I posted this under Exegetical rather than Translation but got no response. 
It fits better here anyway:


NET?



I'm amazed there is not even one mention of the NET Bible, either pro or con. Of course, it is a relatively "new" translation and is also available on the Web or as download http://www.bible.org/netbible/
but I have found it to be most interesting especially in its' translation notes. Certainly someone else has seen it?

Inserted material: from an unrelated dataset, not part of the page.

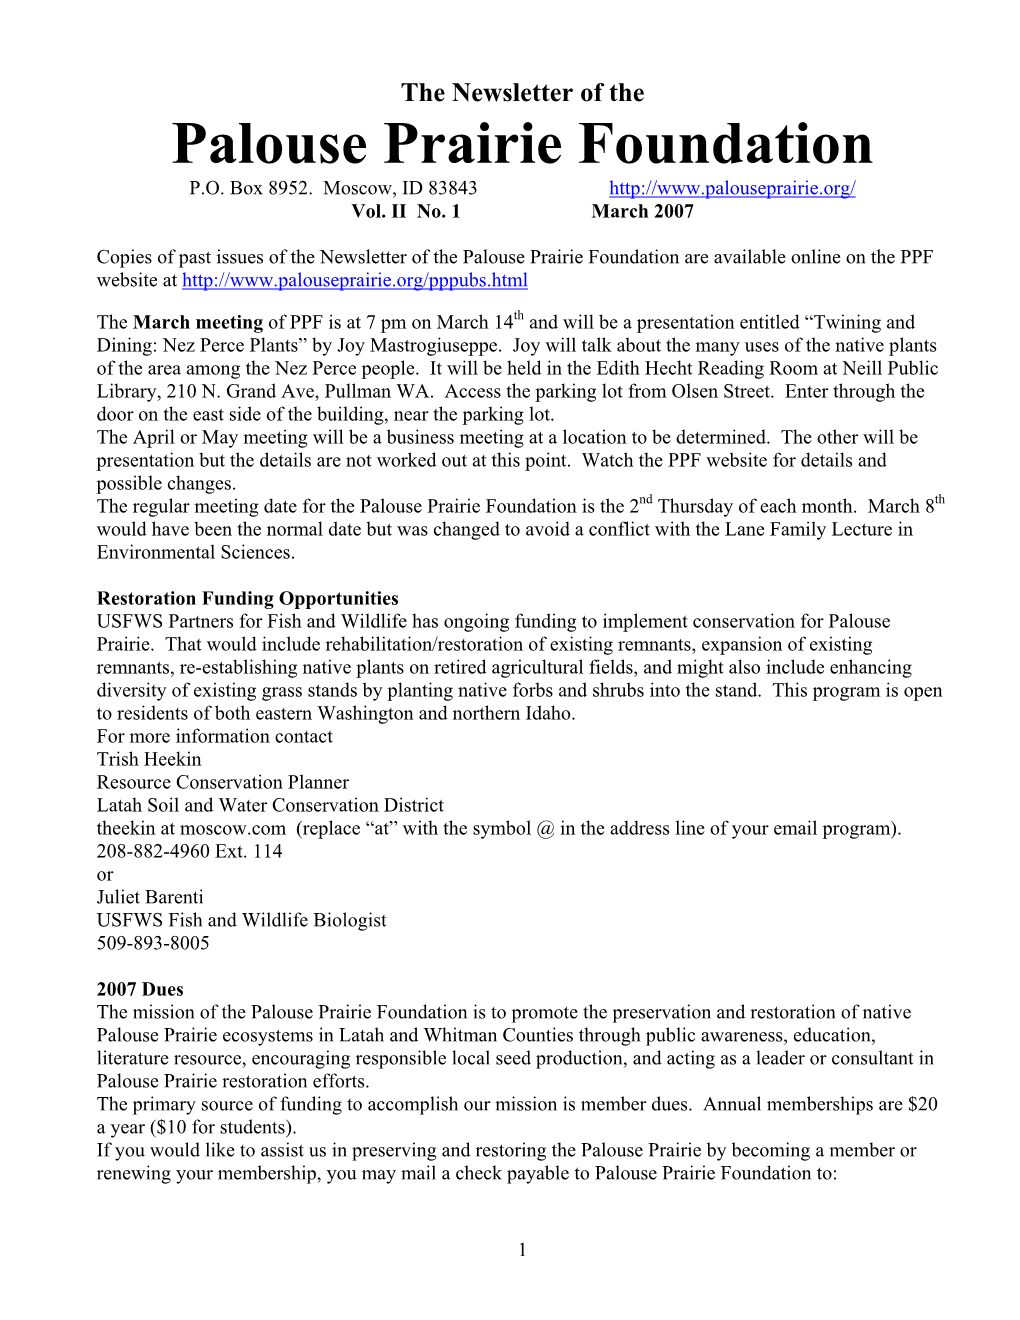 The Newsletter of the Palouse Prairie Foundation P.O

My "smellable" version was literally handed to me once the person saw I expressed interest. Now, I'm not quite as adept at determining the finer points of translations as are some of you but I enjoy reading from it. Anybody else?


----------



## bond-servant (Jan 22, 2005)

I know a pastor that has a copy of the NET Bible and likes all the translation notes in it. He says the translation notes take up almost the same amount of room as the text. 

Other than browsing it online, I haven't looked into it much....


----------



## D. Paul (Jan 22, 2005)

> _Originally posted by bond-servant_
> I know a pastor that has a copy of the NET Bible and likes all the translation notes in it. He says the translation notes take up almost the same amount of room as the text.
> 
> Other than browsing it online, I haven't looked into it much....




Some pages have literally two lines of Biblical text and the rest are notes! For a guy like myself, I find the notes highly useful. But still, what of the Translation itself?


----------



## bond-servant (Jan 22, 2005)

This review is not only on NET's site, but on many others. You've probably already seen it, but just in case....

http://www.bible.org/page.asp?page_id=11


Here is a link to Christianbook.com's user reviews:
http://www.christianbook.com/Christ...00603&netp_id=358352&event=ESRCN&item_code=WW

I'm interested to hear personal opinions on this myself


----------



## doulosChristou (Jan 22, 2005)

I own a leather NET. The notes are often quite valuable. Like most other translations, the NET is sometimes excellent and other times not so good. It is the first English translation in a long time to translate _pistis Christou_ in Rom 3:22 and elswhere as a subjective genitive rather than as an objective genitive, which is the right call in my opinion. This accurate rendering destroys the New Perspective on Paul, BTW. The translation has its drawbacks too, mostly in its OT translation philosophy (translating the Hebrew with no view of how the Greek NT understands OT passages.) Bottom line, this a helpful study Bible due in large part to the translation notes. The study notes and textual notes are also helpful at points.


----------